Transformers – Input Handling

<aside> ℹ️

I've drafted a quick, simple blog post on transformers. This post is part 1 of a series I'm putting together. It will give you a rundown of what transformers are and explain input handling—specifically, tokenization and positional encoding.

Please note that I wrote this quickly so that it may contain errors and typos. Feel free to drop me a line if you find any. Thanks!

</aside>

🦂 What are Transformers?

A transformer is a neural network architecture for sequence-to-sequence and sequence-to-label tasks (e.g., translation, summarization, classification, etc), which replaces recurrence or convolution with an attention mechanism.

What is the core idea in Transformers?

While typical RNNs process tokens strictly from left to right with a hidden state, a Transformer allows each token to directly look at (i.e., attend to) other tokens and build a context-aware representation.

🚂 Architecture

A transformer architecture consists of:

Encoder stack (understanding input)
Decoder stack (generating output)

Each stack has two big sub-blocks:

(Multi-head) self-attention
- tokens exchange information (“who should I pay attention to?”)
(Position-wise) feed-forward neural network (FFN/MLP)
- Each token is processed independently by the same small neural net (“now that I have context, transform me”)
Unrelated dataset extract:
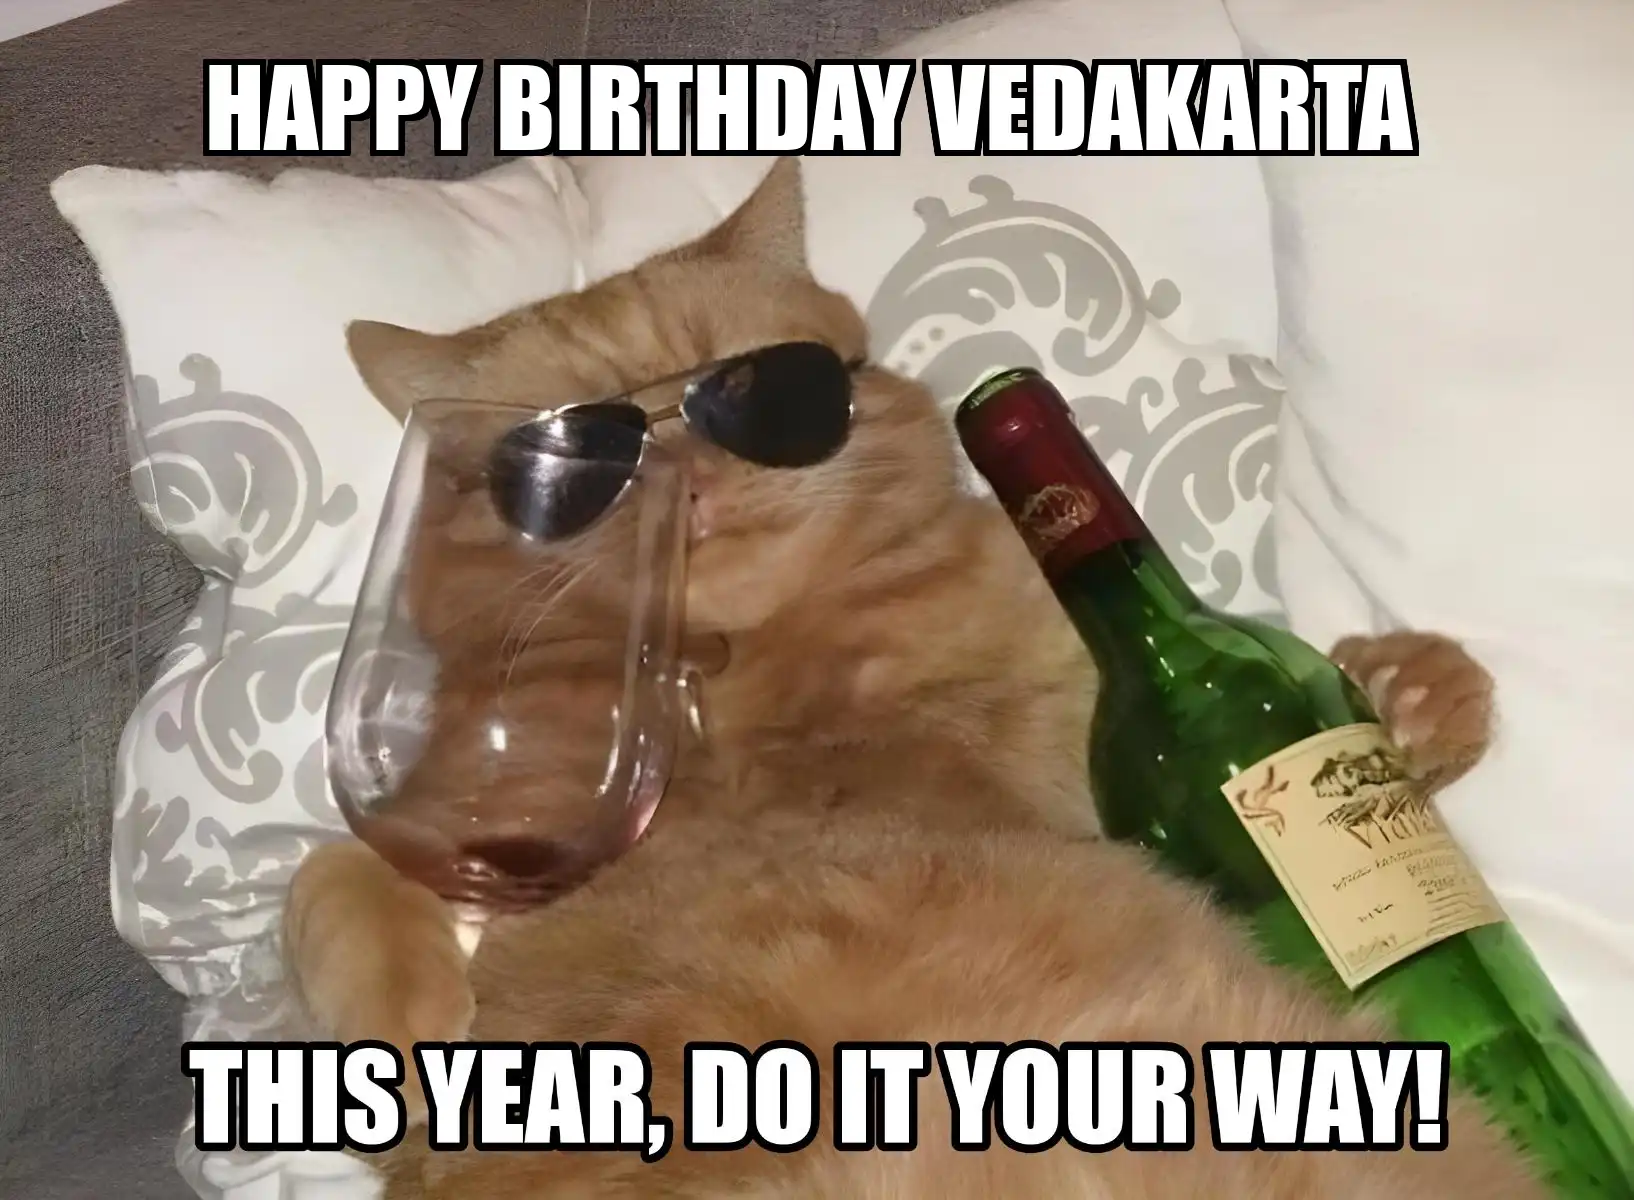 Happy Birthday Vedakarta This Year Do It Your Way Meme

Therefore, self-attention allows interaction among tokens (n-to-n), thereby providing contextualization. Then, the MLP refines that information per token.
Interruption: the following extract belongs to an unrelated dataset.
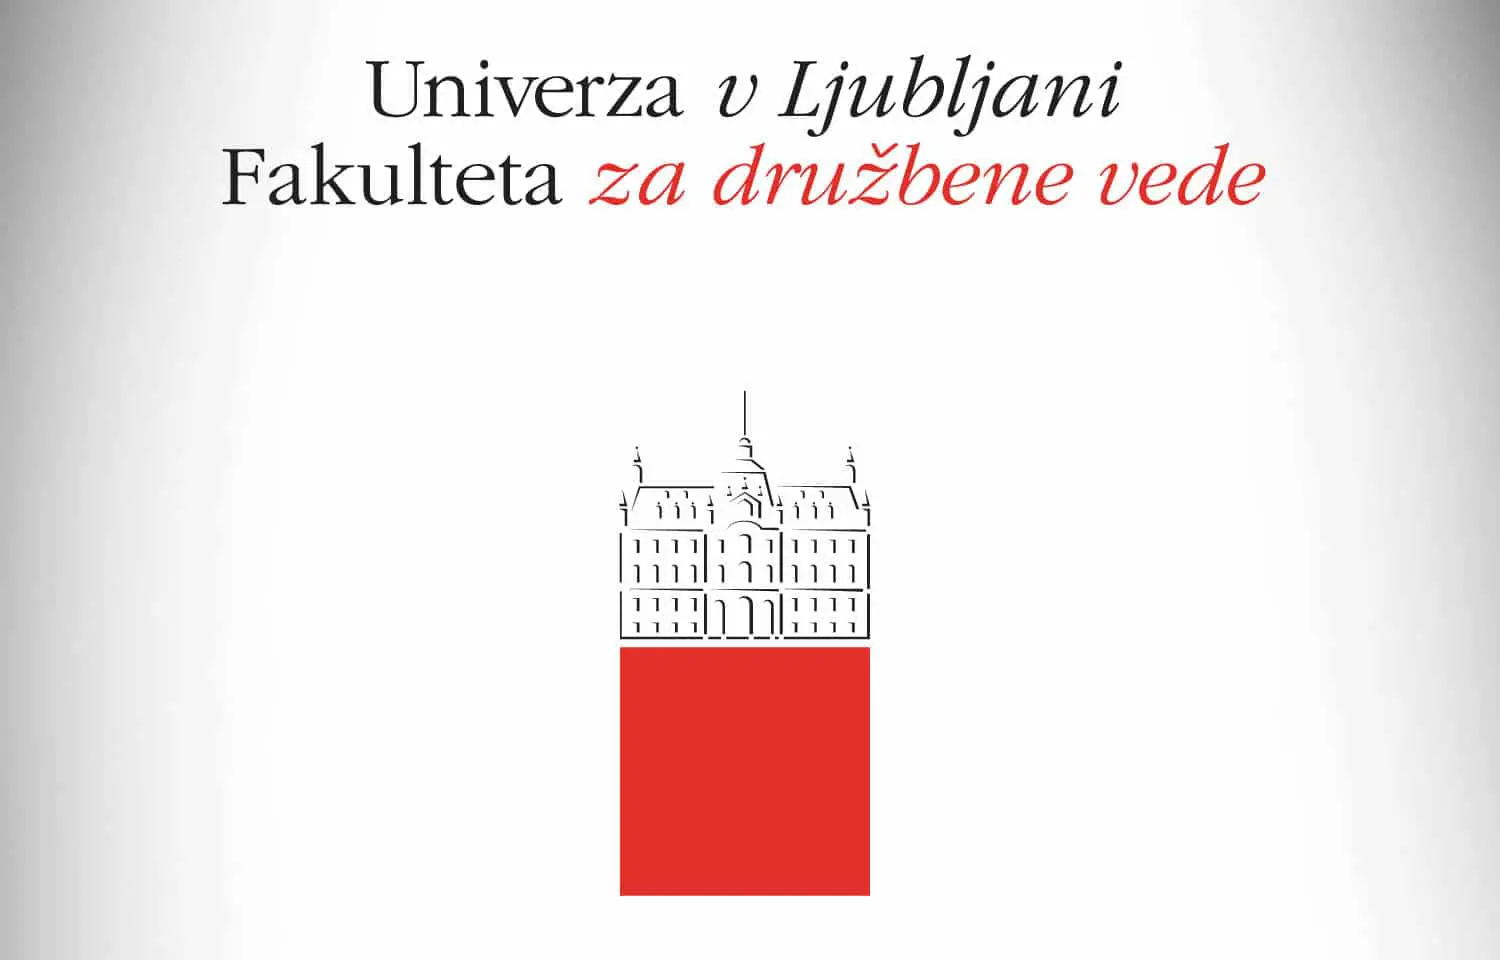 Oblikovanje tiskovin za Fakulteto za družbene vede v Ljubljani.

On top of these two sub-blocks, there are two important parts: Residual connections (skip connections) and layer normalization.

🪓 Tokenization

Transformer never deals with characters directly. It only sees token IDs. Text to tokens (words/subwords/bytes).

<aside>

"unbelievable" → ["un", "believ", "able"] → [417, 9821, 211]

</aside>

📐 Input/Token Embeddings

Each token ID from the previous step (tokenization) is mapped to a dense vector using an embedding matrix.